Bevor du dein Laing drosselst, würde ich dir empfehlen mehr Durchflussbremse einzubauen wie zum Beispiel Filter, Durchflusssensoren usw.


----------



## OsiRis (5. Juli 2009)

schon drinn


----------



## Parnshion (5. Juli 2009)

ok, dann geht es ja nicht anders. Oder du jaggst noch paar Radis in den Kreislauf rein. Hättest dann bessere Kühlung und bremst nebenbei dein Durchfluss.... 2 Fliegen mit eine Klappe


----------



## On/OFF (5. Juli 2009)

welche Laing hast du ? und was kühlst du damit?

PS: ich würde von dem Radi abraten , der bremst nicht so sehr wie eine 2te Grafa mit Düsenkühler ^^

Oder mach den AGB randvoll


----------



## JonnyB1989 (5. Juli 2009)

Und noch gleich ne Frage.
Was für nen AGB hast du?


----------



## OsiRis (5. Juli 2009)

Laing DDC-Pumpe 12V DDC-1Plus (Swiftech MCP355) Retail mit EK-DDC X-Top 
xspc 360+Alphacool HF 14 Yellowstone+ EK 4870+durchflusssensor tempsensor. 
AGB---EK Water Blocks EK-Multioption RES 250 Rev.2                                         
btw. agb is rand voll
aber ist ja eig egal ich wollte nur wissen ob es der pumpe schadet oder nicht


----------



## JonnyB1989 (5. Juli 2009)

Dafür ist eine Laing DDC-1Plus zu heftig. (Ich hab die DDC-1T mit EK XTOPV2. Es sind Mora2, HK 3.0,Ac Durchflusssensor, 2x Ac Temperatursensoren 2x CPC Schnellkupplungen und EK FC280GTX im Kreislauf.
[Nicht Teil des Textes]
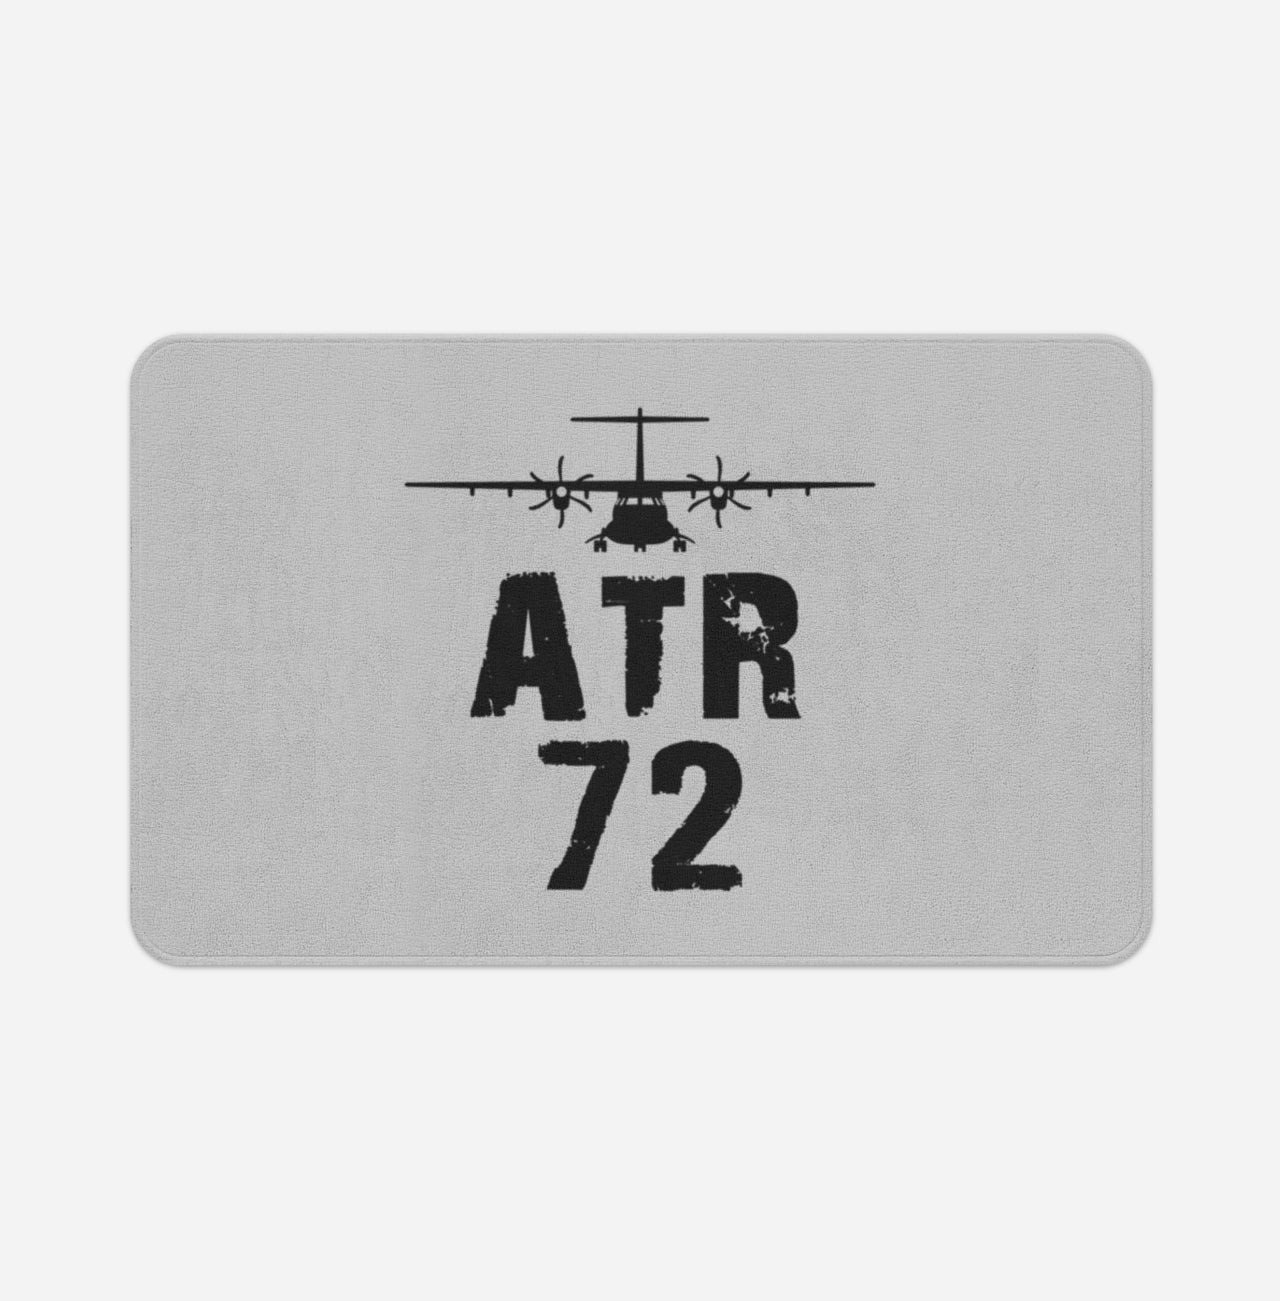 ATR-72 & Plane Designed Bath Mats

Ich hab 120 l/h Durchfluss.) 
Du könntest die Plus Variante zur Normal zurücklöten.
[HowTo] Laing Pro zur Ultra umlöten - EffizienzGurus Forum


----------



## OsiRis (5. Juli 2009)

ja ist mir auch klar das die dafür zu heftig ist aber kann man mir auf meine frage antworten???


----------



## On/OFF (5. Juli 2009)

vielleicht geht sie kaputt , vielleicht auch nicht ^^ .  ein Versuch wäre es wert. aber eine Laing brauch einen gewissen Anlaufstrom , vergiss das nicht.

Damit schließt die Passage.